Die Landeskirchen Braunschweigs und Hannovers lassen den Gemeinden zwar die Freiheit, über ihren Coronakurs weitgehend selbst zu entscheiden, in Abhängigkeit vom Infektionsgeschehen vor Ort und den personellen, räumlichen und technischen Möglichkeiten. Das aber erzeugt neuen Rechtfertigungsdruck. "Dem müssen Sie als Pastor standhalten, egal ob Sie eher zu den Ängstlicheren gehören, oder zu denen, die so viele Präsenztreffen wie möglich wollen", sagt Teichmann. So kommt es vor, dass die eine Kirchengemeinde für den Sonntagmorgen in die Kirche einlädt, die Nachbargemeinde aber den Gottesdienst per Video und Zoom in die Häuser verlegt.
Trost zusprechen, die Gemeinschaft fördern, für Menschen in der Not da sein: Es liegt in der Natur dieser Aufgaben, dass sie nie ganz erledigt sind. Pastoren müssen sich dabei auch manchmal vor überzogenen Erwartungen schützen, nicht erst seit Corona. Aus Sicht des Hildesheimer Superintendenten Mirko Peisert haben Erschöpfung und Gefühle der Ohnmacht in der Pastorenschaft durch die Krise zugenommen. Für ihn ist eine Kraftquelle der Gottesdienst in der Andreaskirche. "Auf der Kanzel merke ich, wie viel von den Menschen zurückkommt. Sie sind unheimlich dankbar für die Gemeinschaft. Wenn Sie in die Kamera predigen, fehlt Ihnen das."

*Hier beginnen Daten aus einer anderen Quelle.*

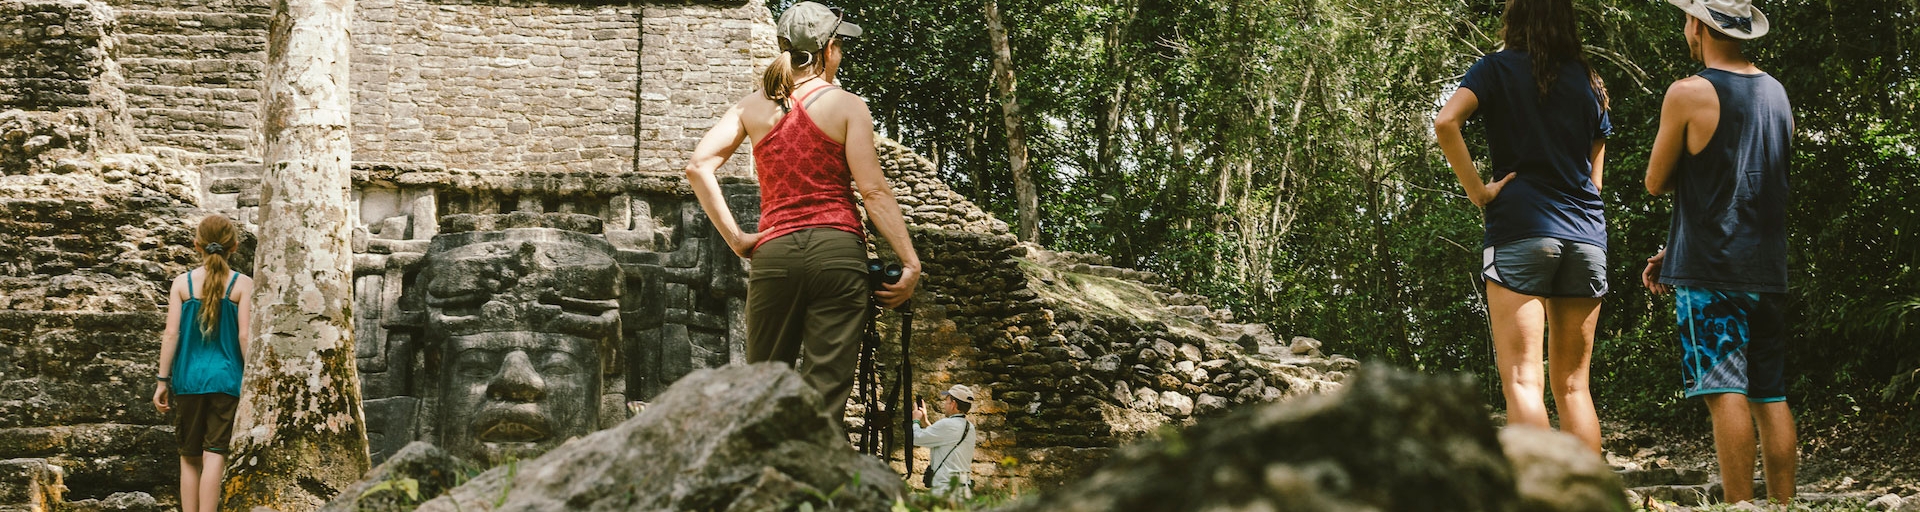 family visiting Belize mayan ruins

Eine Bilanz, wie die Krise das Pfarramt und die Kirche verändert, wäre verfrüht. Personalberater Kingreen und Pastorin Anca nehmen ein neues Bewusstsein für die Begrenztheit und die Endlichkeit des Lebens war. Mehr Menschen hörten zu, wenn der Pastor über existenzielle Fragen spreche. Tatsächlich wurden im Sommer mehr Gottesdienstbesucher in der Hildesheimer Andreaskirche und in der Lehrter Markuskirche gezählt als im Vorjahr. Dennoch wird die Pandemie der Kirche insgesamt wohl kaum neuen Zulauf bescheren. Die Kirchenleitungen wollen die Krise immerhin in puncto Digitalisierung als Chance verstehen.

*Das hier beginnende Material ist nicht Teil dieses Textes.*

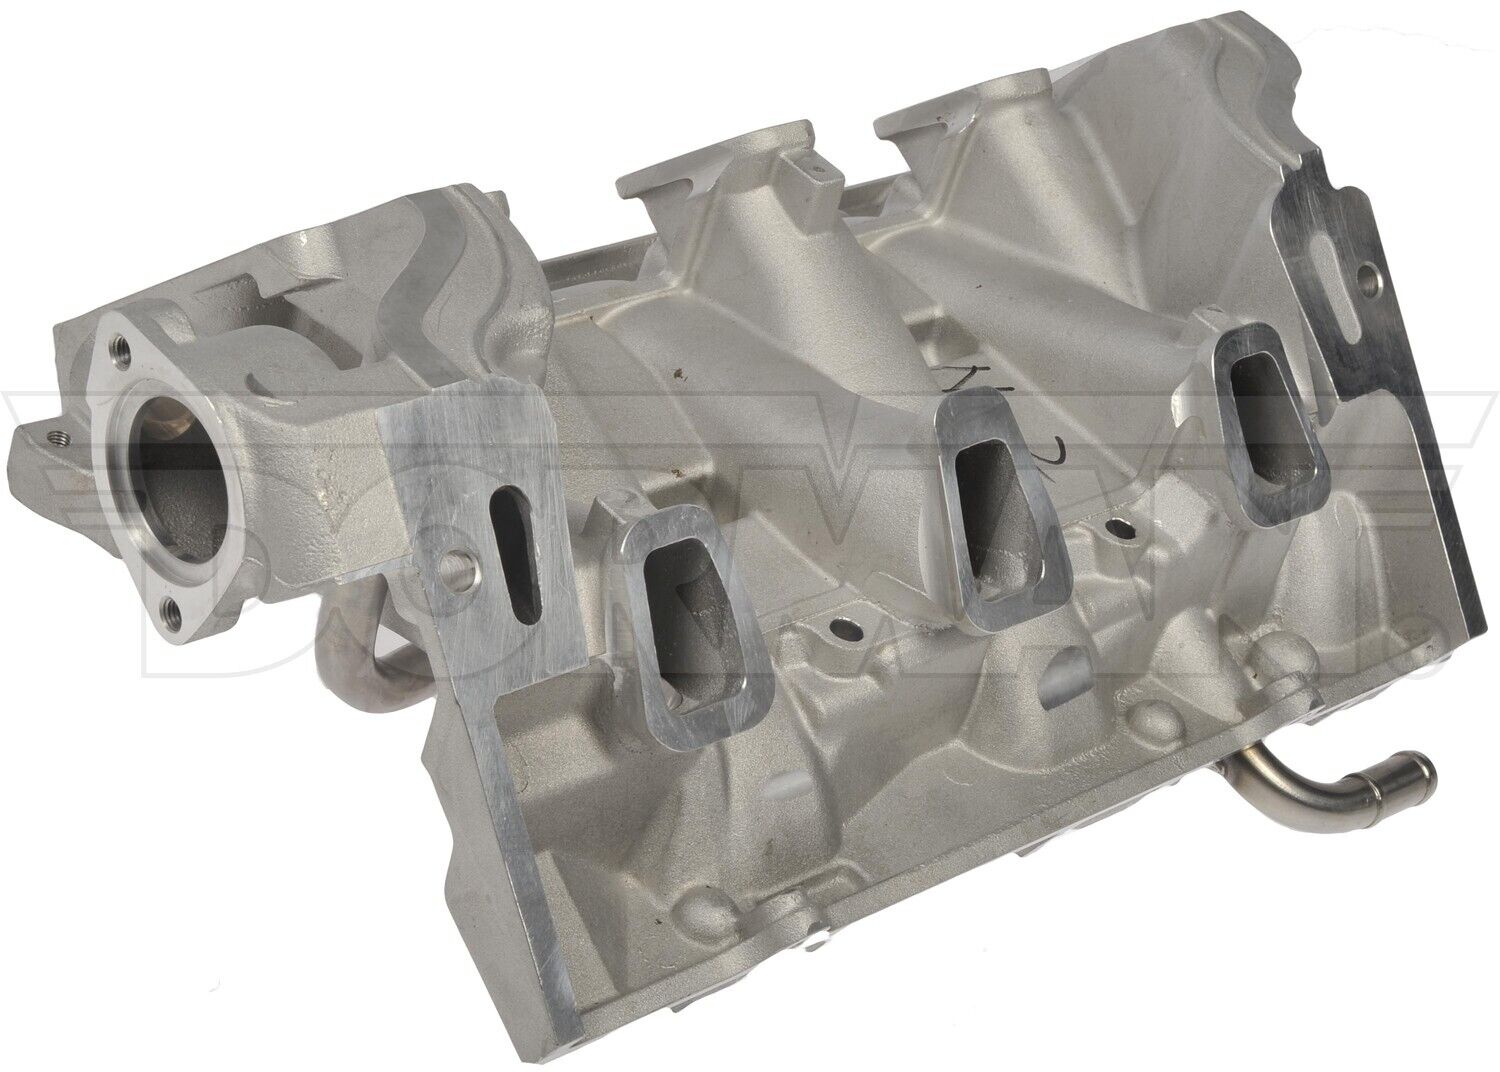 Lower Engine Intake Manifold Dorman For 2000-2005 Chevrolet Venture 3.4L V6

Superintendent Peisert, dem die persönliche Begegnung viel bedeutet, ist skeptisch. Er warnt vor Berufsoptimismus: "Wir neigen manchmal dazu, vorschnell über Dinge hinwegzutrösten. Wir sollten das Leid als das benennen, was es ist, und der Klage Raum geben." Gleichzeitig gelte es, Geduld zu haben und zu hoffen, auf Ostern, und auf das Ende der Krise.